**Exercise instructions:** Exactly the lines from the one with "Chrome Silver Glitter" through the end of the data below must be set down, and no pictures with them.
++++ Source material ++++
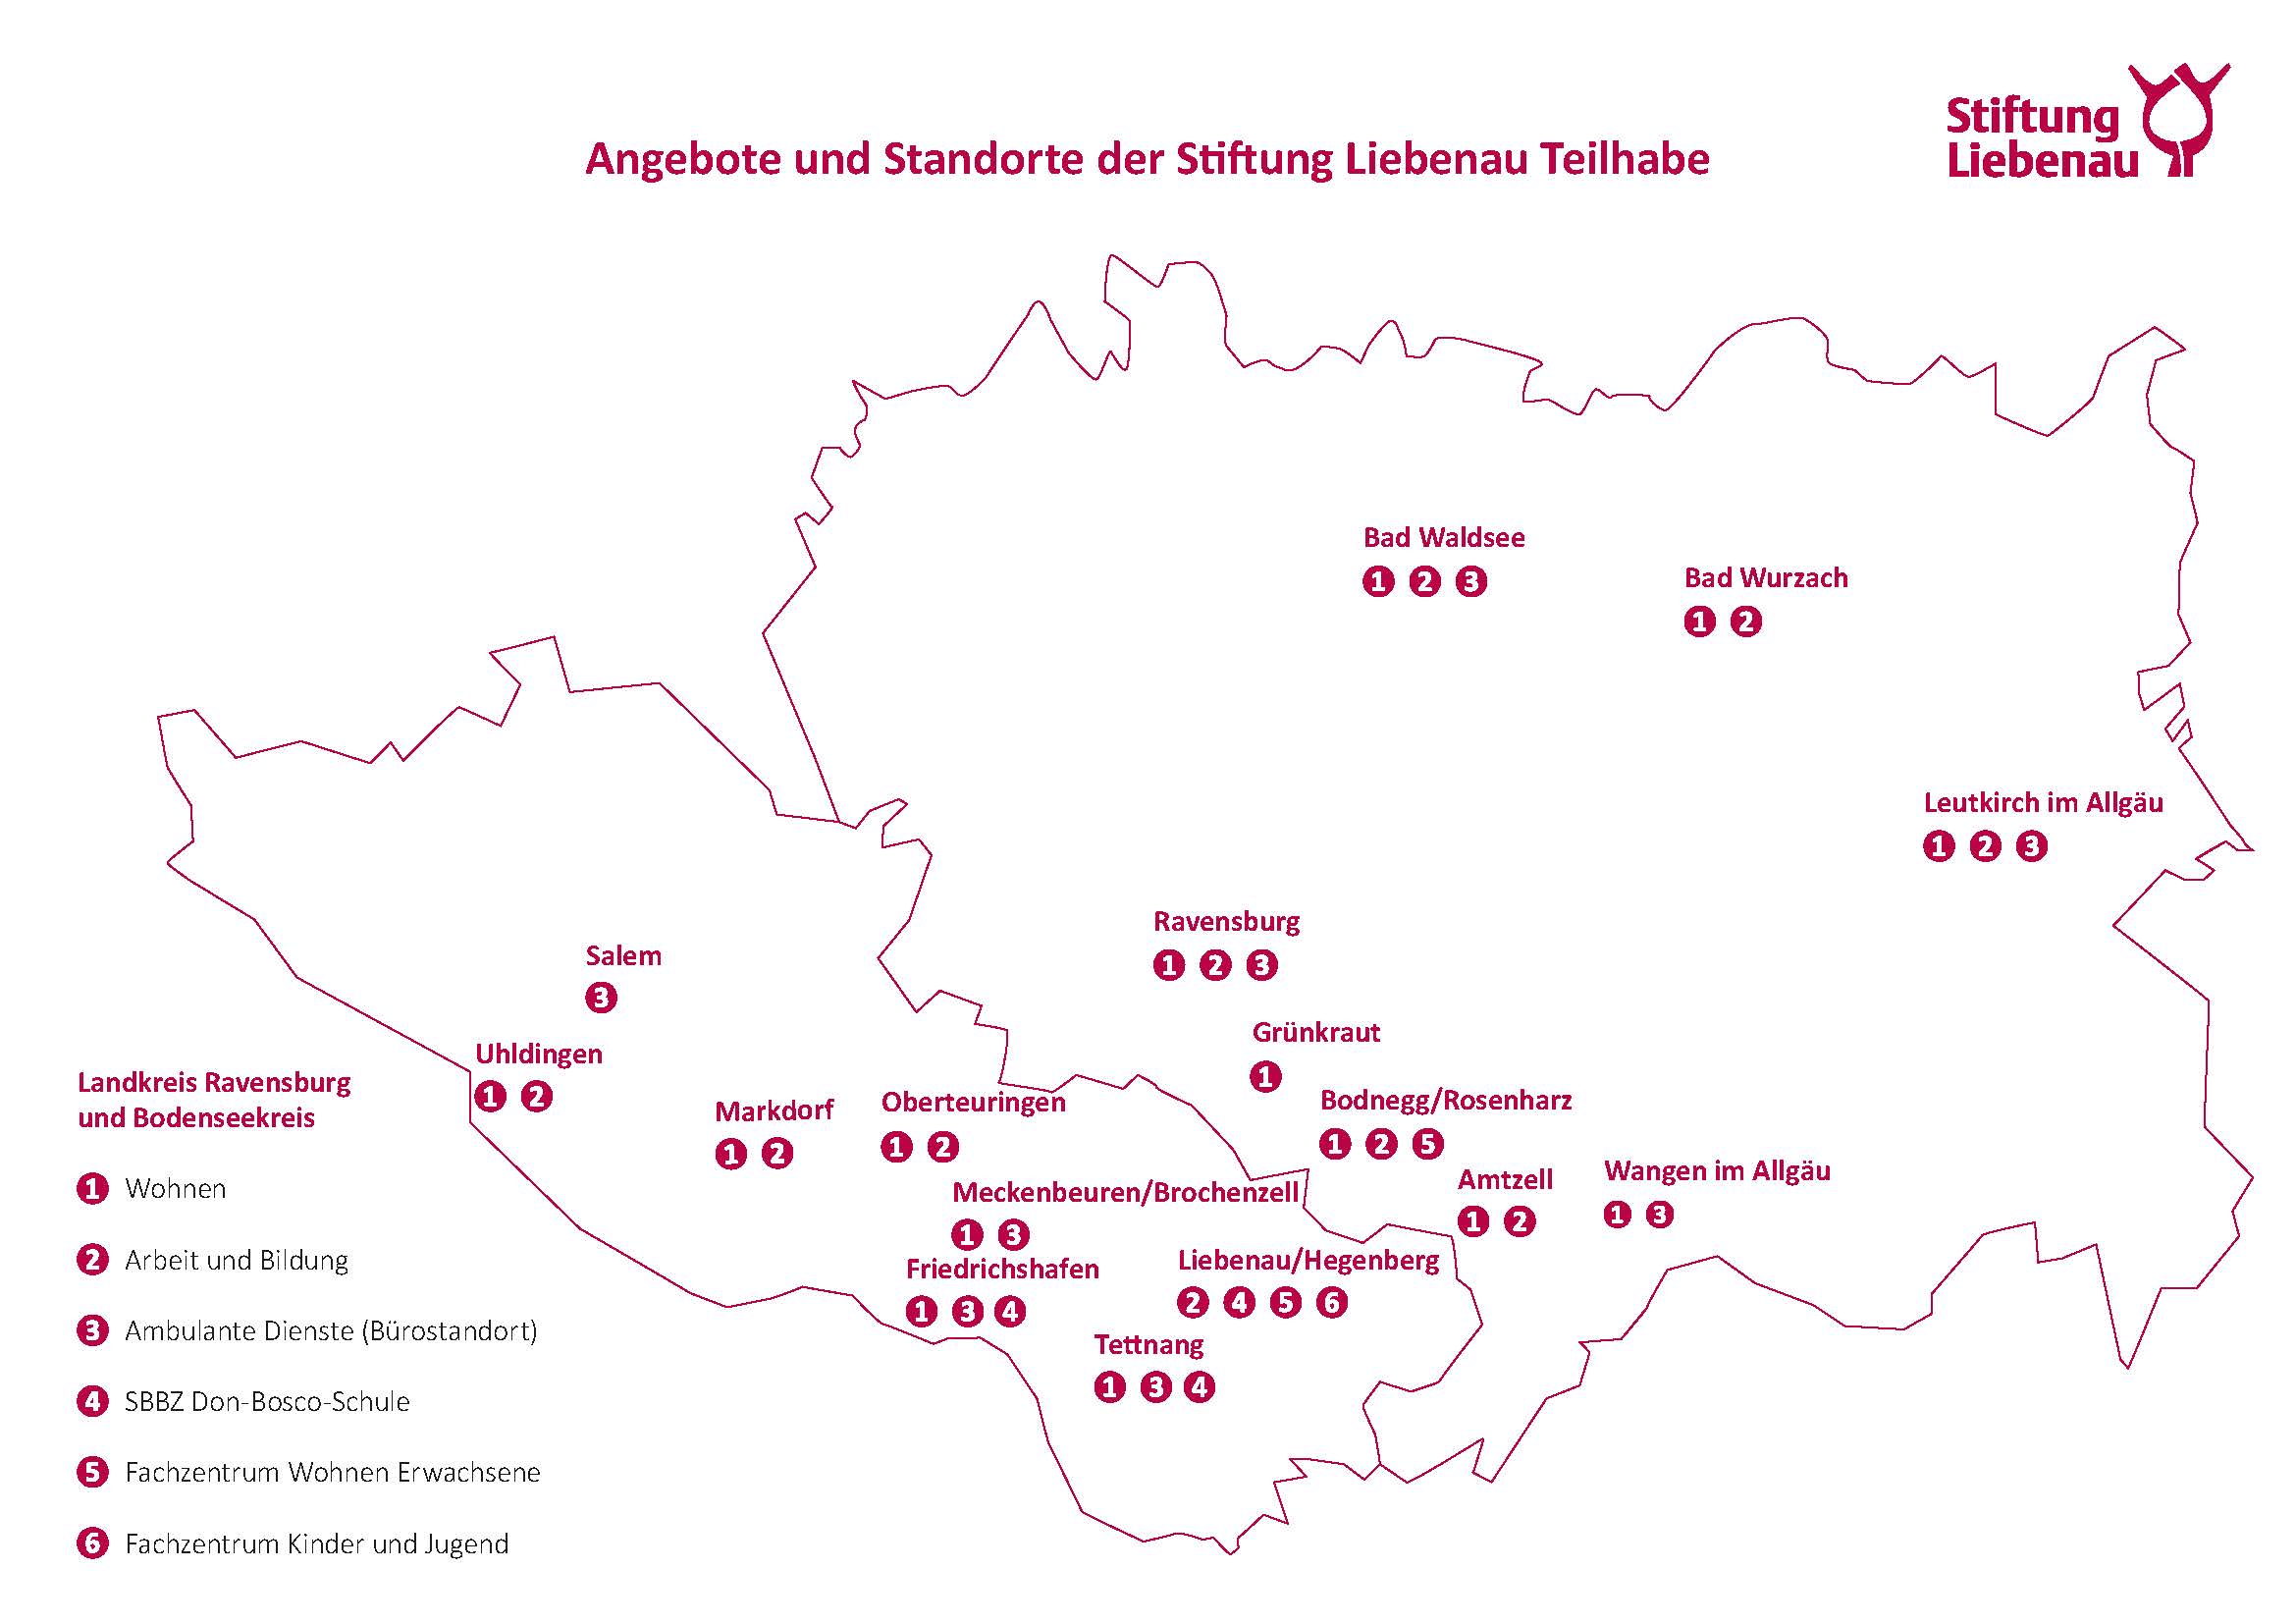 Angebote Standorte Bodenseekreis und LK Ravensburg
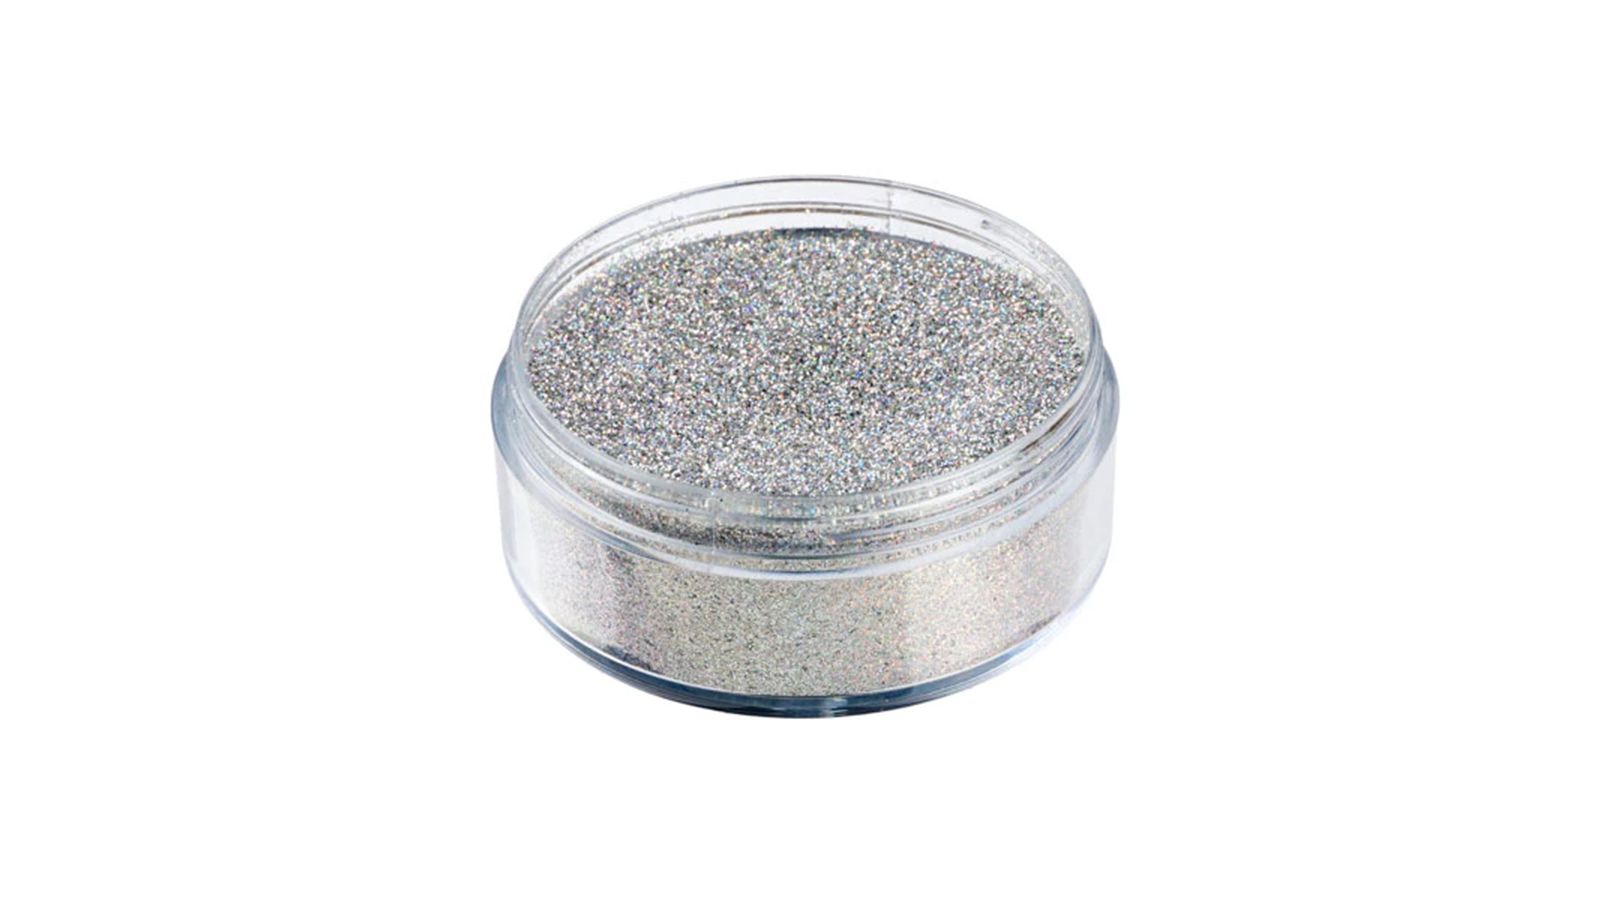 Chrome Silver Glitter Stars - Cosmetic grade glitter
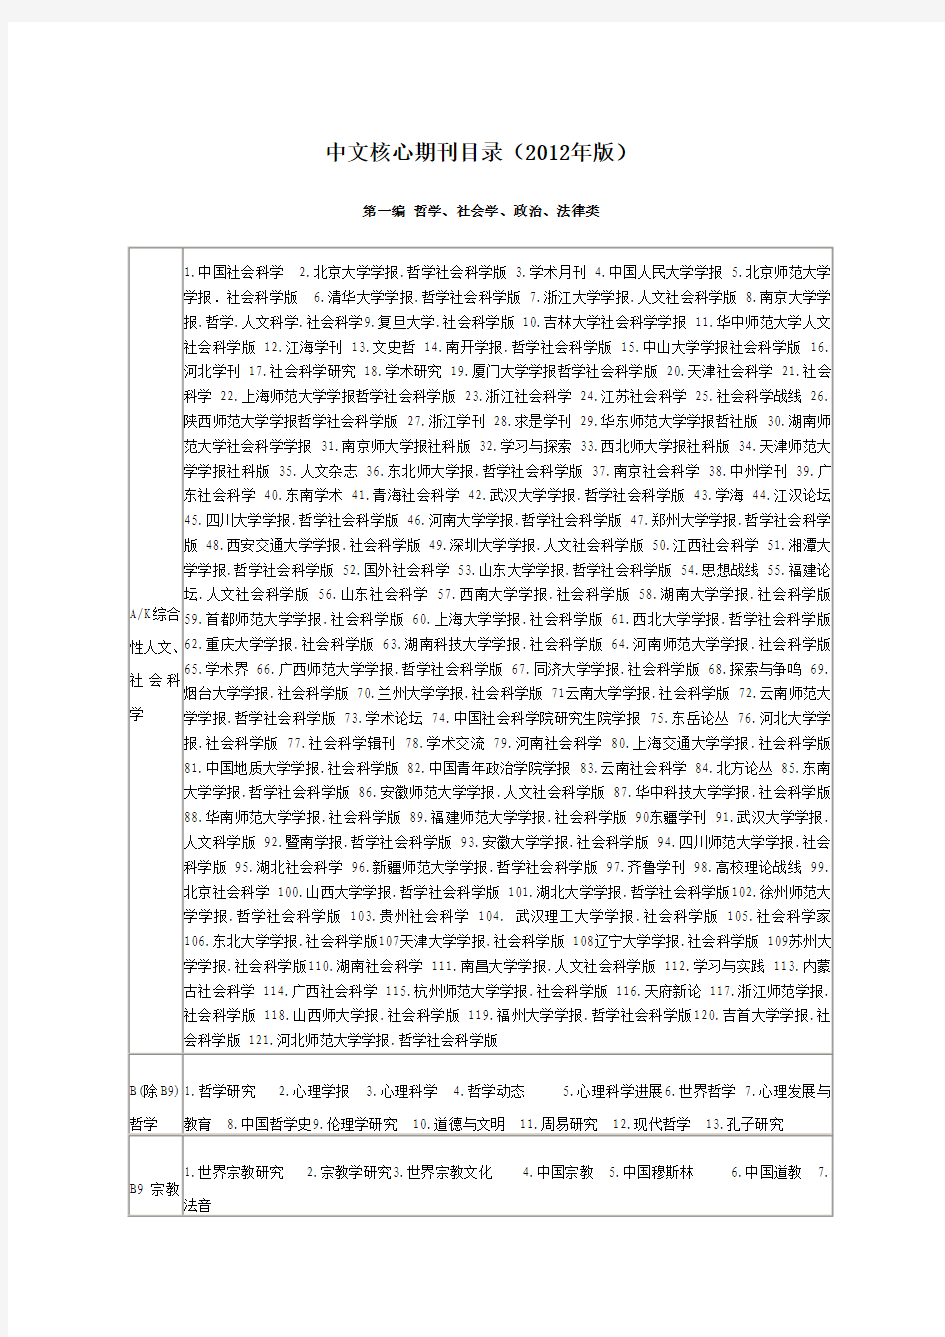 中文核心期刊目录(2012年版)
++++
**Result of this task:**
 Chrome Silver Glitter Stars - Cosmetic grade glitter
 中文核心期刊目录(2012年版)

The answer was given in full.